| Problem statement |
Keeping every word and mark, copy all of the data.

| Materials provided |
=== Section Start ===

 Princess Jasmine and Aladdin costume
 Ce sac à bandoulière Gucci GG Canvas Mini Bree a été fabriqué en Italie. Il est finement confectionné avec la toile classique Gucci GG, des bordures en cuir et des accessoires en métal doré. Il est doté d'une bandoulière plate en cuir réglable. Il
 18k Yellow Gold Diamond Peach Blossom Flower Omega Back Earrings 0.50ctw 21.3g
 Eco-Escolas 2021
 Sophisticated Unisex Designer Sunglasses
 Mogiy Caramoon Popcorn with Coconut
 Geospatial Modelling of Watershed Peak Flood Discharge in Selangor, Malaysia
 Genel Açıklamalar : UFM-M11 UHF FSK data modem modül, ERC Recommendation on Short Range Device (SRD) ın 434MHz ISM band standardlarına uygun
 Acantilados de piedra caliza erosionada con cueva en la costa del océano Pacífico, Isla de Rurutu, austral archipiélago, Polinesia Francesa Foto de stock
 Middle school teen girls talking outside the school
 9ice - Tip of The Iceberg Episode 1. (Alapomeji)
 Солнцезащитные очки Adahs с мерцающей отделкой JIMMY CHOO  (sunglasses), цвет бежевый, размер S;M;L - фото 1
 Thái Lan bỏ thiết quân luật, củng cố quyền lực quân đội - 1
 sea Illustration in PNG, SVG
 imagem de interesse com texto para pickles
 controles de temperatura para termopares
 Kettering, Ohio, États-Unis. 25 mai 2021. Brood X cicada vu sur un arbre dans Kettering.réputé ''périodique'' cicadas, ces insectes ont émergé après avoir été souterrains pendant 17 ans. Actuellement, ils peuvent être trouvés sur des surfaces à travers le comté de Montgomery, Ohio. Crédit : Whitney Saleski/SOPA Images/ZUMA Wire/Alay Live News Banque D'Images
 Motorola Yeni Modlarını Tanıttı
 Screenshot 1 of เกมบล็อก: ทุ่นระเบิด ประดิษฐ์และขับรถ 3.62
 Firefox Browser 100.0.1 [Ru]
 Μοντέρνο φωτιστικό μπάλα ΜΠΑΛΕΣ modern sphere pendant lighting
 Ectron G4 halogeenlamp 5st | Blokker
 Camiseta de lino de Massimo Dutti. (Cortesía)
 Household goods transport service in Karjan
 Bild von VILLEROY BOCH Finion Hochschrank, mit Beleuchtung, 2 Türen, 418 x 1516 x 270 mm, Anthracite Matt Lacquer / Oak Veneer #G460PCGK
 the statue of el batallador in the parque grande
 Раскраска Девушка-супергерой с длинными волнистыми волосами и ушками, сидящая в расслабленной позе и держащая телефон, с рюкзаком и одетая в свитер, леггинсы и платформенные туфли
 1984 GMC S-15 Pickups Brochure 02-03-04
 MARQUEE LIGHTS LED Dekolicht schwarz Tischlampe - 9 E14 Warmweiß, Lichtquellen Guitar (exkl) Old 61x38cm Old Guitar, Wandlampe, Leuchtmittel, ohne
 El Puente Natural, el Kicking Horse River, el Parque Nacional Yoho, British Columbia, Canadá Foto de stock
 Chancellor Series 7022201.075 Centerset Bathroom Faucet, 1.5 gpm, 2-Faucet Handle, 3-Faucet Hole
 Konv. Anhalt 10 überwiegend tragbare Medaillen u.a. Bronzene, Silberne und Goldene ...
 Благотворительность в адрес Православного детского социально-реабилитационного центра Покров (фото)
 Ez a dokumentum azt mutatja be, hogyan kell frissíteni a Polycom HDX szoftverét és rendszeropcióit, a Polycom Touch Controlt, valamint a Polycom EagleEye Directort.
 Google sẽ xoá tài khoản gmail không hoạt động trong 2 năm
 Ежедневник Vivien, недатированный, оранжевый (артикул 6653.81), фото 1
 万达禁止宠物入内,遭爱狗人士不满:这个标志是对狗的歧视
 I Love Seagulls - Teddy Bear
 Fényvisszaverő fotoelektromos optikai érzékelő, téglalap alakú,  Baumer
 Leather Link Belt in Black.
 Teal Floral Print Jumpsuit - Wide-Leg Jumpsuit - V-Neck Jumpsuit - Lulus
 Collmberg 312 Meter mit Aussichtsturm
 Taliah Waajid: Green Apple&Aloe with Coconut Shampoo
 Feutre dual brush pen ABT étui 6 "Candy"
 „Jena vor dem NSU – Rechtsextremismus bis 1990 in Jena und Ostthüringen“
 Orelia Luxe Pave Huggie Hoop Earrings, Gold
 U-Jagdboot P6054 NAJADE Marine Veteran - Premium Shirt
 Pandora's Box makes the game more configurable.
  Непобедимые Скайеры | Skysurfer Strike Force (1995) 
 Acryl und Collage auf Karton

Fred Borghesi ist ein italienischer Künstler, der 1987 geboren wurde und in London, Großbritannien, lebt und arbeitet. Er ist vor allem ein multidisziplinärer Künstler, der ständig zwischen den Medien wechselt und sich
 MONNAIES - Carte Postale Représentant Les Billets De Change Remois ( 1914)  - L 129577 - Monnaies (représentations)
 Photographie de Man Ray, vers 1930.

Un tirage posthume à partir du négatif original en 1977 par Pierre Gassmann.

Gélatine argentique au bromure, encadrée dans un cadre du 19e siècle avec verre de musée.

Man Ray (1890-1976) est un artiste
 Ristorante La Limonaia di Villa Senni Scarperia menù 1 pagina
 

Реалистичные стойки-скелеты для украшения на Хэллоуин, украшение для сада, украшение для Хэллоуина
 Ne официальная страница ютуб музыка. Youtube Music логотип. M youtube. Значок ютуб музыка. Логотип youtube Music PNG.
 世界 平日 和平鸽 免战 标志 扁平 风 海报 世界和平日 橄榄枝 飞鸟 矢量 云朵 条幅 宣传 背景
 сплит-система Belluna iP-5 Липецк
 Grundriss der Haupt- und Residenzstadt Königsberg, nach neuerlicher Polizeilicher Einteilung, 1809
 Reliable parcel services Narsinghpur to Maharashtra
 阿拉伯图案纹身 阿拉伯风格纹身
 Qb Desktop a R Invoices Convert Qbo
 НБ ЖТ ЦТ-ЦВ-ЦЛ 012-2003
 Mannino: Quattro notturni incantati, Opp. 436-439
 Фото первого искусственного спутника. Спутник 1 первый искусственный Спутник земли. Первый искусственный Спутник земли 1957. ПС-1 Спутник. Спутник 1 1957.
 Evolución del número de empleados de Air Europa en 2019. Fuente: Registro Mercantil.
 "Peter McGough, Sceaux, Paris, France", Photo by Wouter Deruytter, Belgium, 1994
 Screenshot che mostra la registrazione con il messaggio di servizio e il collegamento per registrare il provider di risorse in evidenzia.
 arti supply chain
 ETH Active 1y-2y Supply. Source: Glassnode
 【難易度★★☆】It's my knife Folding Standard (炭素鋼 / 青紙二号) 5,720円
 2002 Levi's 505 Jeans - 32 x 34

=== Section End ===

| Result of the exercise |
 Princess Jasmine and Aladdin costume
 Ce sac à bandoulière Gucci GG Canvas Mini Bree a été fabriqué en Italie. Il est finement confectionné avec la toile classique Gucci GG, des bordures en cuir et des accessoires en métal doré. Il est doté d'une bandoulière plate en cuir réglable. Il
 18k Yellow Gold Diamond Peach Blossom Flower Omega Back Earrings 0.50ctw 21.3g
 Eco-Escolas 2021
 Sophisticated Unisex Designer Sunglasses
 Mogiy Caramoon Popcorn with Coconut
 Geospatial Modelling of Watershed Peak Flood Discharge in Selangor, Malaysia
 Genel Açıklamalar : UFM-M11 UHF FSK data modem modül, ERC Recommendation on Short Range Device (SRD) ın 434MHz ISM band standardlarına uygun
 Acantilados de piedra caliza erosionada con cueva en la costa del océano Pacífico, Isla de Rurutu, austral archipiélago, Polinesia Francesa Foto de stock
 Middle school teen girls talking outside the school
 9ice - Tip of The Iceberg Episode 1. (Alapomeji)
 Солнцезащитные очки Adahs с мерцающей отделкой JIMMY CHOO  (sunglasses), цвет бежевый, размер S;M;L - фото 1
 Thái Lan bỏ thiết quân luật, củng cố quyền lực quân đội - 1
 sea Illustration in PNG, SVG
 imagem de interesse com texto para pickles
 controles de temperatura para termopares
 Kettering, Ohio, États-Unis. 25 mai 2021. Brood X cicada vu sur un arbre dans Kettering.réputé ''périodique'' cicadas, ces insectes ont émergé après avoir été souterrains pendant 17 ans. Actuellement, ils peuvent être trouvés sur des surfaces à travers le comté de Montgomery, Ohio. Crédit : Whitney Saleski/SOPA Images/ZUMA Wire/Alay Live News Banque D'Images
 Motorola Yeni Modlarını Tanıttı
 Screenshot 1 of เกมบล็อก: ทุ่นระเบิด ประดิษฐ์และขับรถ 3.62
 Firefox Browser 100.0.1 [Ru]
 Μοντέρνο φωτιστικό μπάλα ΜΠΑΛΕΣ modern sphere pendant lighting
 Ectron G4 halogeenlamp 5st | Blokker
 Camiseta de lino de Massimo Dutti. (Cortesía)
 Household goods transport service in Karjan
 Bild von VILLEROY BOCH Finion Hochschrank, mit Beleuchtung, 2 Türen, 418 x 1516 x 270 mm, Anthracite Matt Lacquer / Oak Veneer #G460PCGK
 the statue of el batallador in the parque grande
 Раскраска Девушка-супергерой с длинными волнистыми волосами и ушками, сидящая в расслабленной позе и держащая телефон, с рюкзаком и одетая в свитер, леггинсы и платформенные туфли
 1984 GMC S-15 Pickups Brochure 02-03-04
 MARQUEE LIGHTS LED Dekolicht schwarz Tischlampe - 9 E14 Warmweiß, Lichtquellen Guitar (exkl) Old 61x38cm Old Guitar, Wandlampe, Leuchtmittel, ohne
 El Puente Natural, el Kicking Horse River, el Parque Nacional Yoho, British Columbia, Canadá Foto de stock
 Chancellor Series 7022201.075 Centerset Bathroom Faucet, 1.5 gpm, 2-Faucet Handle, 3-Faucet Hole
 Konv. Anhalt 10 überwiegend tragbare Medaillen u.a. Bronzene, Silberne und Goldene ...
 Благотворительность в адрес Православного детского социально-реабилитационного центра Покров (фото)
 Ez a dokumentum azt mutatja be, hogyan kell frissíteni a Polycom HDX szoftverét és rendszeropcióit, a Polycom Touch Controlt, valamint a Polycom EagleEye Directort.
 Google sẽ xoá tài khoản gmail không hoạt động trong 2 năm
 Ежедневник Vivien, недатированный, оранжевый (артикул 6653.81), фото 1
 万达禁止宠物入内,遭爱狗人士不满:这个标志是对狗的歧视
 I Love Seagulls - Teddy Bear
 Fényvisszaverő fotoelektromos optikai érzékelő, téglalap alakú,  Baumer
 Leather Link Belt in Black.
 Teal Floral Print Jumpsuit - Wide-Leg Jumpsuit - V-Neck Jumpsuit - Lulus
 Collmberg 312 Meter mit Aussichtsturm
 Taliah Waajid: Green Apple&Aloe with Coconut Shampoo
 Feutre dual brush pen ABT étui 6 "Candy"
 „Jena vor dem NSU – Rechtsextremismus bis 1990 in Jena und Ostthüringen“
 Orelia Luxe Pave Huggie Hoop Earrings, Gold
 U-Jagdboot P6054 NAJADE Marine Veteran - Premium Shirt
 Pandora's Box makes the game more configurable.
  Непобедимые Скайеры | Skysurfer Strike Force (1995) 
 Acryl und Collage auf Karton

Fred Borghesi ist ein italienischer Künstler, der 1987 geboren wurde und in London, Großbritannien, lebt und arbeitet. Er ist vor allem ein multidisziplinärer Künstler, der ständig zwischen den Medien wechselt und sich
 MONNAIES - Carte Postale Représentant Les Billets De Change Remois ( 1914)  - L 129577 - Monnaies (représentations)
 Photographie de Man Ray, vers 1930.

Un tirage posthume à partir du négatif original en 1977 par Pierre Gassmann.

Gélatine argentique au bromure, encadrée dans un cadre du 19e siècle avec verre de musée.

Man Ray (1890-1976) est un artiste
 Ristorante La Limonaia di Villa Senni Scarperia menù 1 pagina
 

Реалистичные стойки-скелеты для украшения на Хэллоуин, украшение для сада, украшение для Хэллоуина
 Ne официальная страница ютуб музыка. Youtube Music логотип. M youtube. Значок ютуб музыка. Логотип youtube Music PNG.
 世界 平日 和平鸽 免战 标志 扁平 风 海报 世界和平日 橄榄枝 飞鸟 矢量 云朵 条幅 宣传 背景
 сплит-система Belluna iP-5 Липецк
 Grundriss der Haupt- und Residenzstadt Königsberg, nach neuerlicher Polizeilicher Einteilung, 1809
 Reliable parcel services Narsinghpur to Maharashtra
 阿拉伯图案纹身 阿拉伯风格纹身
 Qb Desktop a R Invoices Convert Qbo
 НБ ЖТ ЦТ-ЦВ-ЦЛ 012-2003
 Mannino: Quattro notturni incantati, Opp. 436-439
 Фото первого искусственного спутника. Спутник 1 первый искусственный Спутник земли. Первый искусственный Спутник земли 1957. ПС-1 Спутник. Спутник 1 1957.
 Evolución del número de empleados de Air Europa en 2019. Fuente: Registro Mercantil.
 "Peter McGough, Sceaux, Paris, France", Photo by Wouter Deruytter, Belgium, 1994
 Screenshot che mostra la registrazione con il messaggio di servizio e il collegamento per registrare il provider di risorse in evidenzia.
 arti supply chain
 ETH Active 1y-2y Supply. Source: Glassnode
 【難易度★★☆】It's my knife Folding Standard (炭素鋼 / 青紙二号) 5,720円
 2002 Levi's 505 Jeans - 32 x 34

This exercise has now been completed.